Jekyll - Invalid US-ASCII character '\xE2'
Context
I’ve been using the 2.5-stable branch of the jekyll/minima theme without issues. However, I recently wanted to customize the <head/> section of my site. The master branch provides _includes/custom-head.html for this purpose, but this feature isn’t available in the stable branch.
Attempting the Upgrade
I had two options:
- Submit a pull request to backport the custom head feature to the
2.5-stablebranch - Upgrade from
2.5-stabletomaster
I chose the second approach and updated my _config.yml to use the master branch (since I was already using a remote theme, it was cheap and easy):
-remote_theme: jekyll/minima@2.5-stable
+remote_theme: jekyll/minima@master
Unfortunately, this broke my local build😭:
Generating...
Remote Theme: Using theme jekyll/minima
Jekyll Feed: Generating feed for posts
Conversion error: Jekyll::Converters::Scss encountered an error while converting 'assets/css/style.scss':
Invalid US-ASCII character "\xE2" on line 255
/usr/local/src/rbenv/versions/3.3.4/lib/ruby/gems/3.3.0/gems/jekyll-sass-converter-1.5.2/lib/jekyll/converters/scss.rb:123:in `rescue in convert': Invalid US-ASCII character "\xE2" on line 255 (Jekyll::Converters::Scss::SyntaxError)
raise SyntaxError, "#{e} on line #{e.sass_line}"
^^^^^^^^^^^^^^^^^^^^^^^^^^^^^^^^^^^^^^^^^^
Investigation / RCA
ℹ️ This issue only affected my local Jekyll build running in an Ubuntu-based Docker container (following 🎉 Develop GitHub Pages locally in a Ubuntu Docker Container (latest) by Bill Raymond🏆).

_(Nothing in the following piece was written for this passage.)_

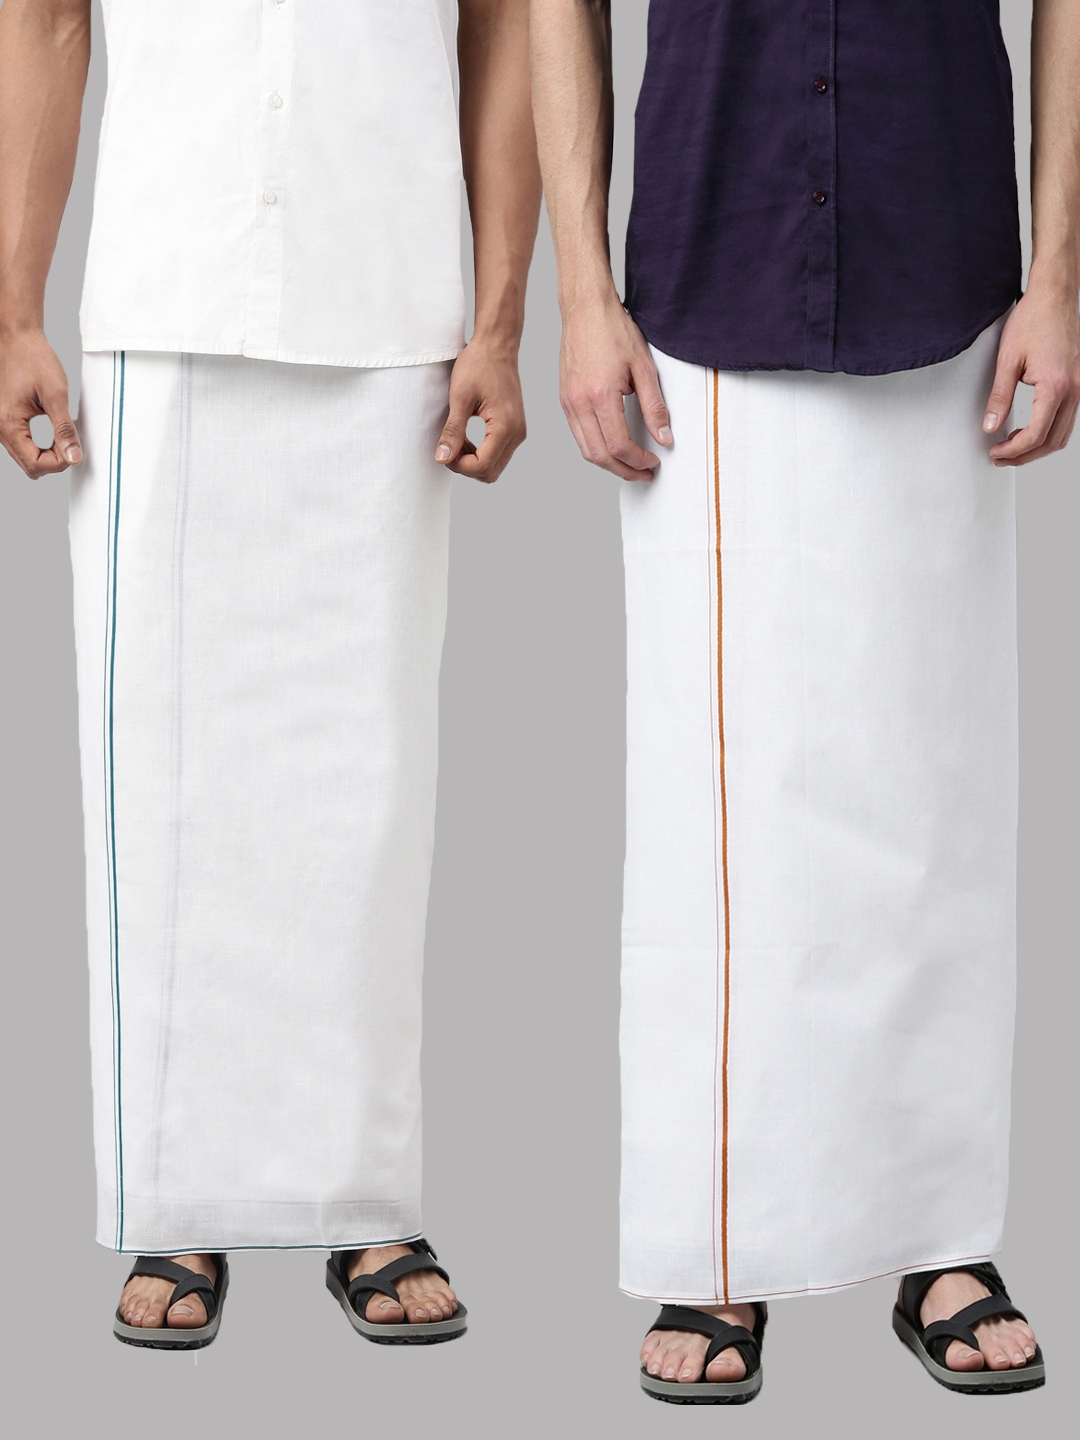 WHITE HEART | White Heart Mens 100% Cotton White Double and Small Border Dhoti - Pack of 2 0

GitHub Pages handled the master branch upgrade without any problems, which gave me hope for a solution.
After investigating what changed in the master branch, I traced the build failure to a specific pull request:
- https://github.com/jekyll/minima/pull/855
- https://github.com/jekyll/minima/commit/478d99d18540948394c3d359f83b27abbcc325c8
The culprit was in _sass/minima/_layout.scss, specifically these lines containing the • character:
.force-inline {
display: inline;
&::before {
content: "•";
padding-inline: 5px;
}
}
The • character is a bullet symbol with Unicode value U+2022. Its UTF-8 encoding is the byte sequence 0xE2 0x80 0xA2. This directly correlates with the build error message: “Invalid US-ASCII character “\xE2”. Jekyll was attempting to parse the file as US-ASCII instead of UTF-8.

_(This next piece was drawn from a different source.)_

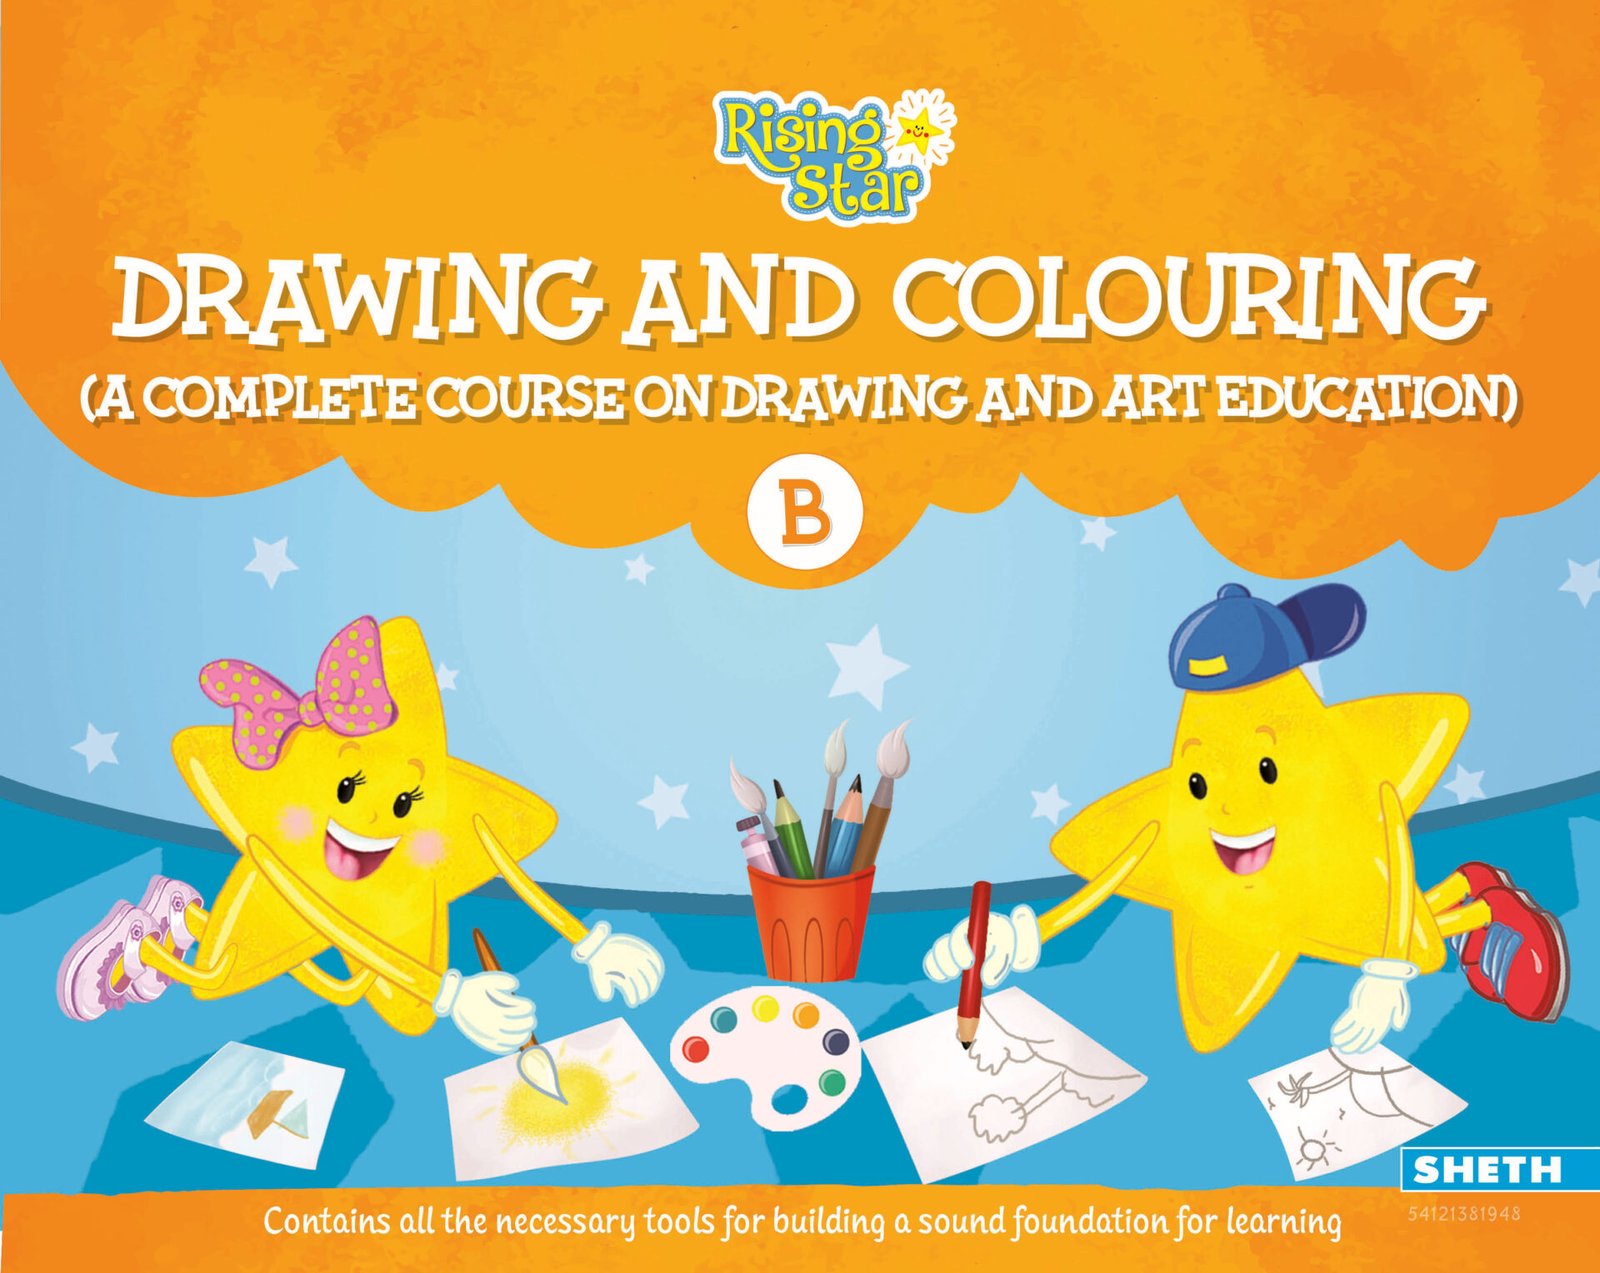 Rising Star Drawing & Colouring - B - Shethbooks | Official Buy Page of

Research into this issue revealed that the problem stems from an incorrectly configured local environment, causing Jekyll/Ruby to default to US-ASCII encoding. Relevant resources:
- https://www.janmeppe.com/blog/invalid-US-ASCII-character/
- https://github.com/mmistakes/minimal-mistakes/issues/1809
While adding @charset "UTF-8"; at the top of the SCSS file can force the correct encoding (see this StackOverflow post), this approach doesn’t scale well across multiple files.
Resolution
The solution was to configure the Docker container’s locale settings. Following guidance from this AskUbuntu post, I added the English language pack to my Dockerfile:
RUN apt-get -y install language-pack-en
This ensures Ruby/Jekyll correctly detect UTF-8 encoding. After rebuilding the container, the build succeeded🎉✅:
Remote Theme: Using theme jekyll/minima
Jekyll Feed: Generating feed for posts
done in 1.801 seconds.
Auto-regeneration: enabled for '/workspaces/xxx'
LiveReload address: http://127.0.0.1:35729
Server address: http://127.0.0.1:4000
Server running... press ctrl-c to stop.